= Nino Valeri =

Italian historian (1897-1978)

Nino Valeri (28 April 1897 - 26 April 1978) was an Italian historian.

== Biography ==
Nino Valeri was born in Padua. His father, Silvio Valeri, was a pharmacist. His uncle, Diego Valeri (1887–1976), had built up a reputation in Italy as a poet, literary scholar and translator. Another uncle was the painter Ugo Valeri.

Nino Valeri worked as a history professor at the universities of Catania, Trieste and Rome, where he took over his teaching chair in contemporary history from Federico Chabod. In 1957 he became a corresponding fellow of the Academy of Sciences at Turin, and in 1962 of the Rome based Accademia dei Lincei. He wrote various essays on themes from medieval history, Italian history and modern/contemporary history. Particularly notable among his books are his works on Giovanni Giolitti (1971) and on political conflict in Italy between 1860 and 1925 ("La lotta politica in Italia dall'unità al 1925", 1945). He contributed to various periodicals and academic journals, such as the Nuova Rivista Storica. He also took charge of the collations "History of Italy" ("Storia d'Italia") and "Society in the new Italy" ("La vita sociale della Nuova Italia") produced by the UTET (publishing house) in Turin.

== Published output ==

- Campanella. Roma, Formiggini, 1931.
- Pietro Verri. Milano, A. Mondadori, 1937.
- L'eredità di Giangaleazzo Visconti. Torino, Società Poligrafica Editrice, 1938.
- La vita di Facino Cane. Torino, Società Subalpina Editrice, 1940.
- La libertà e la pace : orientamenti politici del Rinascimento italiano. Torino, Società subalpina, 1942.
- La lotta politica in Italia dall'unità al 1925 : idee e documenti.

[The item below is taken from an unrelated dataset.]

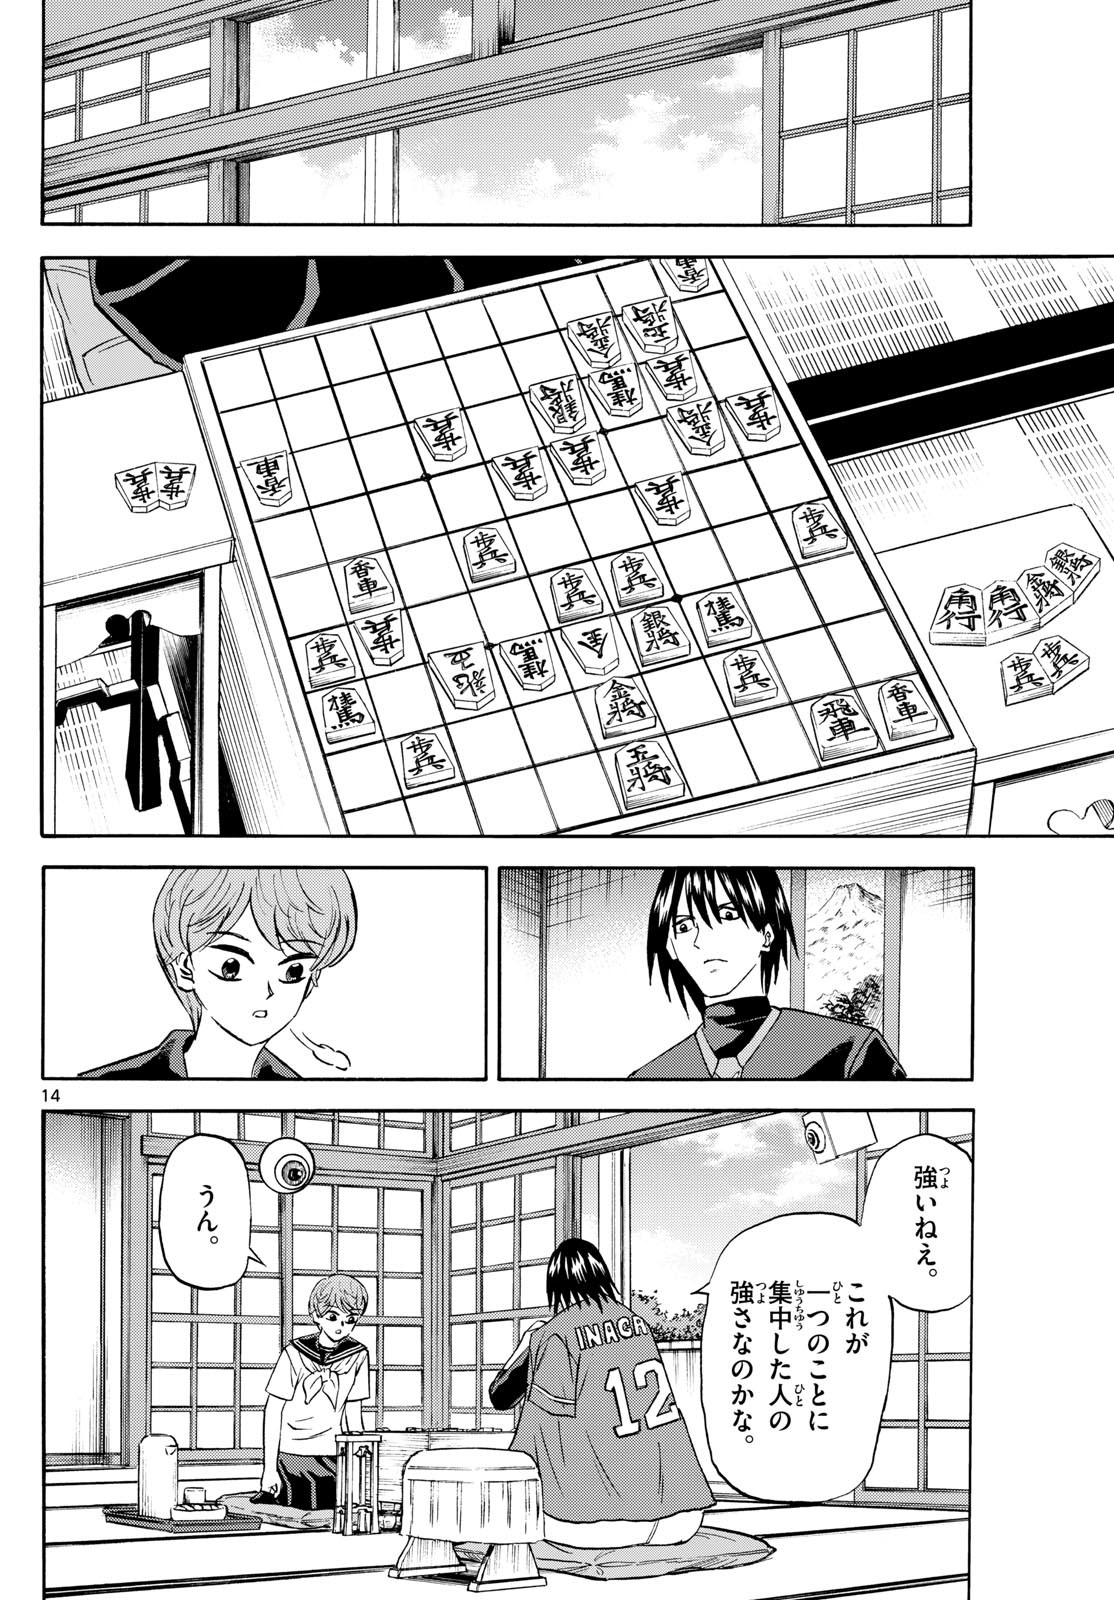 Ryu-to-Ichigo - Chapter 198 - Page 14

Firenze, Le Monnier, 1945.
- L'Italia nell'età dei principati : dal 1343 al 1516. Milano, A. Mondadori, 1949.
- Lezioni di storia moderna intorno ad alcuni scrittori politici italiani dal Risorgimento al fascismo. Milano. Ed. La Goliardica, 1953.
- Guelfi e ghibellini a Milano alla scomparsa di Giangaleazzo Visconti. Milano, Ed. La Goliardica, 1955.
- Lezioni di storia moderna : appunti intorno alla crisi del primo dopoguerra. Milano, La Goliardica, Edizioni universitarie, 1955.
- Da Giolitti a Mussolini : momenti della crisi del liberalismo. Firenze, Parenti, 1956.
- Figure e momenti del Rinascimento italiano : lezioni di storia moderna dell'anno 1957-58. Roma, Tip. Marces, 1957.
- Le origini dello Stato moderno in Italia (1328-1450), (Estr. da: Storia d'Italia). Torino, UTET, 1959.
- Storia d'Italia : il medioevo, (Estr. da: Storia d'Italia, N. Valeri ed altri). Torino, UTET, 1959.
- Lezioni sull'antifascismo, (N. Valeri ed altri). Bari, Laterza, 1960.
- Trent'anni di storia politica italiana, 1915-1945, (N. Valeri ed altri). Torino, ERI, 1962.
- D'Annunzio davanti al fascismo. Firenze, Le Monnier, 1963.
- Giovanni Giolitti. Torino, UTET, 1971
- Tradizione liberale e fascismo. Firenze, Le Monnier, 1971.
- Turati e la Kuliscioff. Firenze, Le Monnier, 1974
- Dalla Belle epoque al fascismo : momenti e personaggi. Bari, Laterza, 1975.
- Pagine recuperate. (A cura di Giulio Cervani). Udine, Del Bianco, 1998.